Also, the function should basically never return 0 for an IOCTL it recognizes.
Again, for IOCTLs of type _IO(), which have no argument, the argument function
is not called at all.

Now the important part.  For each flag that is returned on the initial call to
the argument function, the argument function will be called again, this time to
perform actual printing of the argument.  For these subsequent calls, "ptr"
will point to the argument data which has been copied to the local address
space, and "dir" will contain one of the returned flags (that is, either IF_OUT
or IF_IN) to indicate whether the function is called before or after the IOCTL
call.  As should now be obvious, if the first call returned IF_OUT | IF_IN, the
function will be called again with "dir" set to IF_OUT, and if the IOCTL call
did not fail, once more (for the third time), now with "dir" set to IF_IN.

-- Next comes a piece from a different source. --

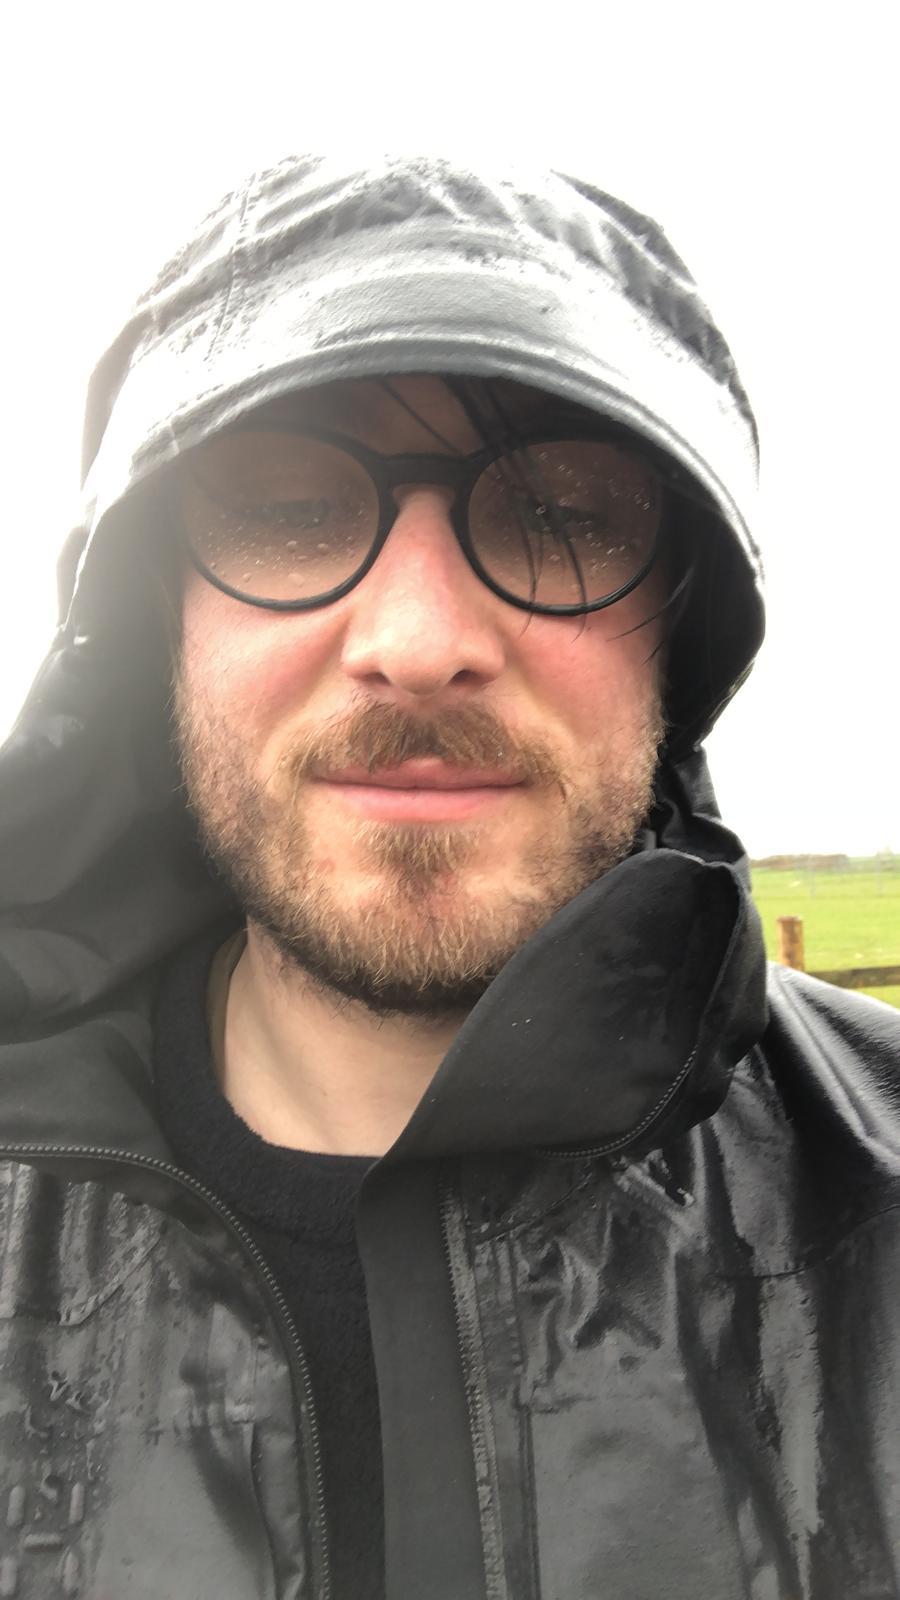 Image of Luke at Cracksone Barns

For these calls with an actual "ptr" value and a direction, the function should
indeed print the argument as appropriate, using "proc" as process pointer for
use in calls to the printing functions.  The general approach is to print non-
structure arguments as single values with no field name, and structure
arguments by printing its fields with their field names.  The main code (in
ioctl.c) ensures that the output is enclosed in curly brackets, thus making the
output look like a structure anyway.

For these subsequent calls, the argument function's return value should be
IF_ALL if all parts of the IOCTL argument have been printed, or 0 otherwise.
In the latter case, the main code will add a final ".." field to indicate to
the user that not all parts of the argument have been printed, very much like
the "all" parameter of put_close_struct.

If no name can be found for the IOCTL request code, the argument will simply be
printed as a pointer.  The same happens in error cases, for example if copying
in the IOCTL data resulted in an error.

There is no support for dealing with multiple IOCTLs with the exact same
request code--something that should not, but sadly does, occur in practice.
For now, the preferred approach would be to implement only support for the
IOCTL that is most likely to be found in practice, and possibly to put a horse
head in the bed of whoever introduced the duplicate request code.

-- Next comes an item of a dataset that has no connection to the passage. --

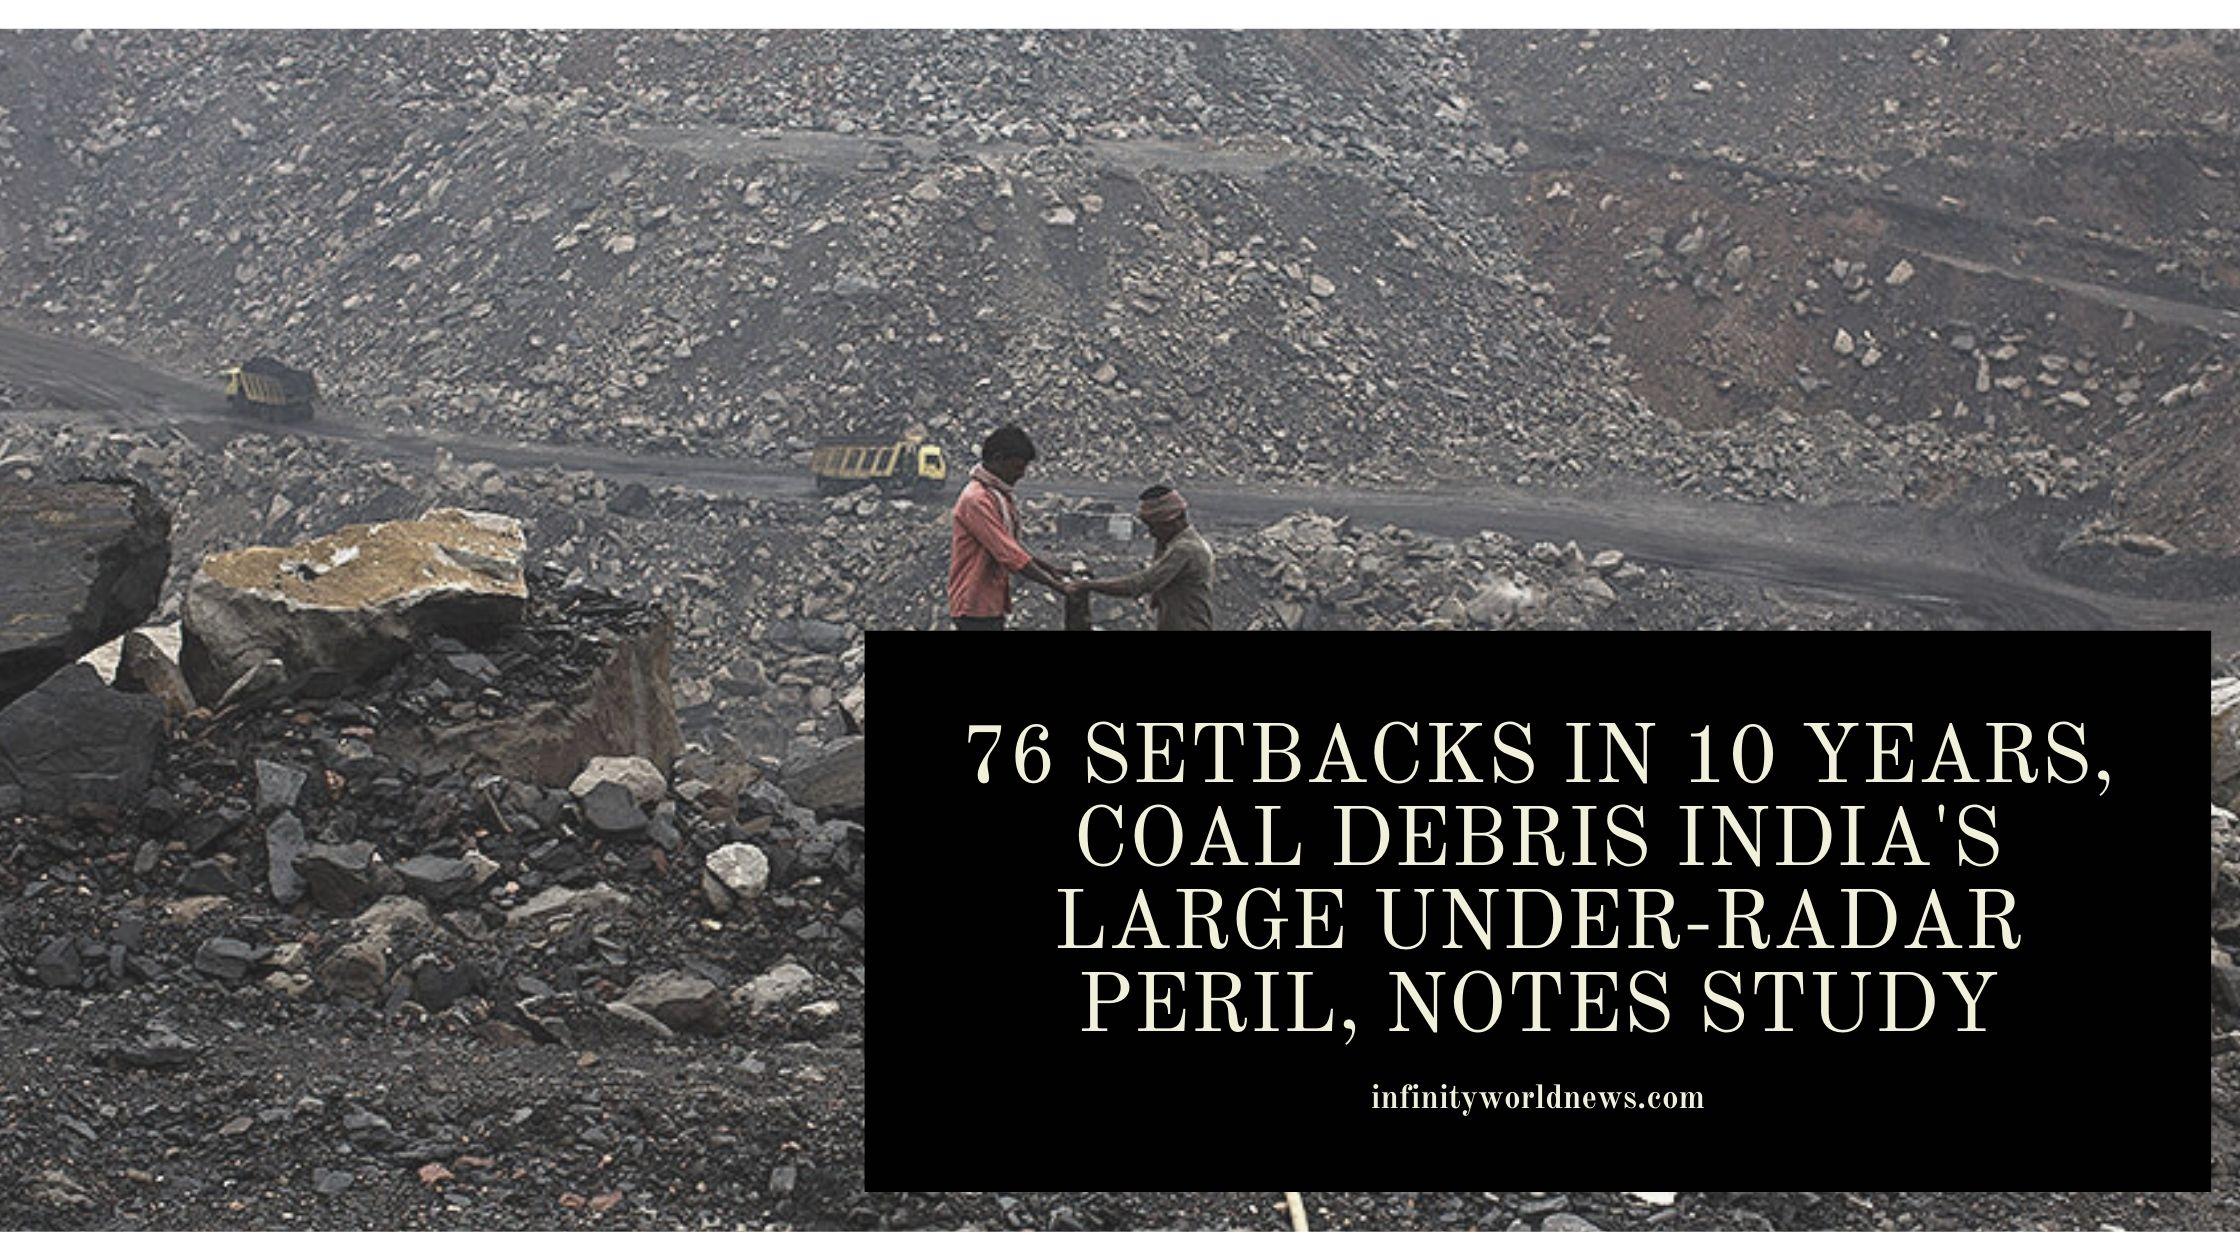 76 setbacks in 10 years, coal debris India's large under-radar peril, notes study

INTERNALS: MULTIPROCESS OUTPUT AND PREEMPTION

Things get interesting when multiple processes are traced at once.  Due to the
nature of process scheduling, system calls may end up being preempted between
the call-enter and call-leave phases.  This means that the output of a system
call has to be suspended to give way to an event from another traced process.
Such preemption may occur with literally all calls; not just "blocking" calls.

The tracer goes through some lengths to aid the user in following the output in
the light of preemtion.  The most important aspect is that the output of the
call-enter phase is recorded, so that in the case of preemption, the call-leave
phase can start by replaying the record.  As a result, the user gets to see the
whole system call on a single line, instead of just the second half.  Such
system call resumptions are marked with a "*" in their prefix, to show that
the call was not just entered.  The output therefore looks like this:

      2| syscall() = <..>
      3| othercall() = 0
      2|*syscall() = 0

Signals that arrive during a call will cause a resumption of the call as well.
As a result, a call may be resumed multiple times:

      2| syscall() = <..>
      3| othercall() = 0
      2|*syscall() = ** SIGUSR1 ** ** SIGUSR2 ** <..>
      3| othercall() = -1 [EBUSY]
      2|*syscall() = ** SIGHUP ** <..>
      3| othercall() = 0
      2|*syscall() = 0

This entire scenario shows one single system call from process 2.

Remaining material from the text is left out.